Asbestic curiosity curtailed by professional scepsis.
“Not all of it, but several sequences.”
“That’s amazing, the brain’s not fully formed yet – ”
“No, not before much later, but it’s nevertheless capable of receiving engrams, which, however, usually become difficult to access; but they form the pattern or the matrix underlying the way we feel, the way we think, how we live and who we are.”
“Why would it be necessary to recollect the birth process?”
She found a partial parallel or a simile even in the floral and fruity citrus flavour of the wine as it suggested the Taunus quartzite covered by loam-loess – the equilibrium between Sun and rain – the touch of altitude and the mild temperature. The same stern causality prevailed everywhere.
“Unless you do that this pattern remains as a subconscious matrix that forms your life and as you have no knowledge of it you are left with no choice but to act it out automatically.”
“You mean that it’s a deconditioning process to remember it. The remembrance will dissolve or lessen the impact of the matrix; you’ll feel more free?”
Spontaneously aware of the issue she wanted Barbara to hear what he would say.
“You will be a little more conscious of why and how, and a little less likely to think, feel and act preconditionally, to repeat yourself ad nauseam.

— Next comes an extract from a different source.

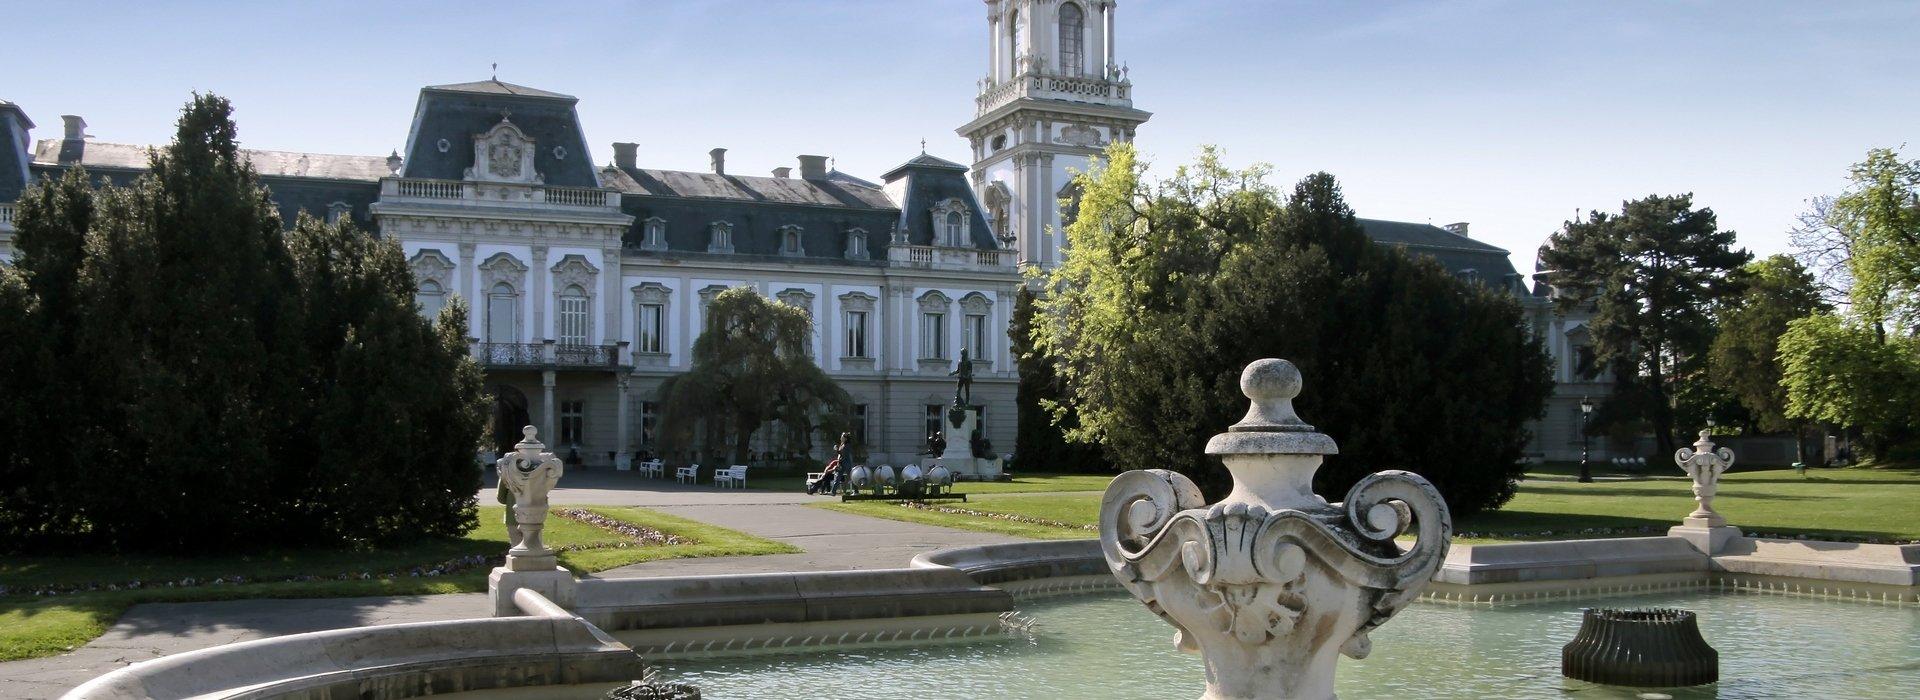 Keszthely History – History of Keszthely

Such experiences often appear in symbolic form, feeling like a butterfly coming out of its pupa or a flower opening its petals to the rays of the Sun.”
Comme je descendais des Fleuves impassibles je ne me sentis plus guidé par les haleurs. A bottomless dream about that which it was best not to say anything. Clothes – however f
itting – demeaned the purity of her Nakedness. A truth limited by words would lose its life – a jellyfish taken out of the Sea.
“That’s another reason why Caesareans must be discouraged. Can I have your references?”
Because she had been so close to herself all her life the discrepancy between who she was and what she had become had not been pronounced enough to elicit such experiences. The gap had been too narrow to need a spark. There had always been a current running.
“I’ll send you some references as attached files to-day or to-morrow.”
“Thanks! But look! I’ve eaten all your smoked salmon. It was absolutely delicious.”
“I’m glad you liked it. As you know I had enough salmon for a lifetime as a child.”
“Also childhood experiences determine the way we live. Because of the easy-going nature of life in the Caribbean I will never be able to understand the Puritanical work-ethics of British society, the hypocrisy, the twisted sexuality. Though I’m accepted because of my education, my skill and experience I will always remain outside looking in.”
Her lack of regret was a delight.
“But Barbara, that’s your advantage really. You’re independent.”
She could not tell her how much of a pariah she was herself – but Barbara had sensed it and it was one of the determining factors that had made them become fast friends.
“Since it’s not just people in Saint Kitts who take life as it is, but in the whole Caribbean, from Nassau to Kingston, I assume that there might be a genetic factor involved?”
“Of course there is. It’s Old Mother Africa laughing again.”
She was grateful for her origin and keen to prove her superiority – having both emotional depth and intellectual acumen. The best of both worlds because of the balance. A Leitmotif both day and night – determining the way she fought – the way she moved – how she made love.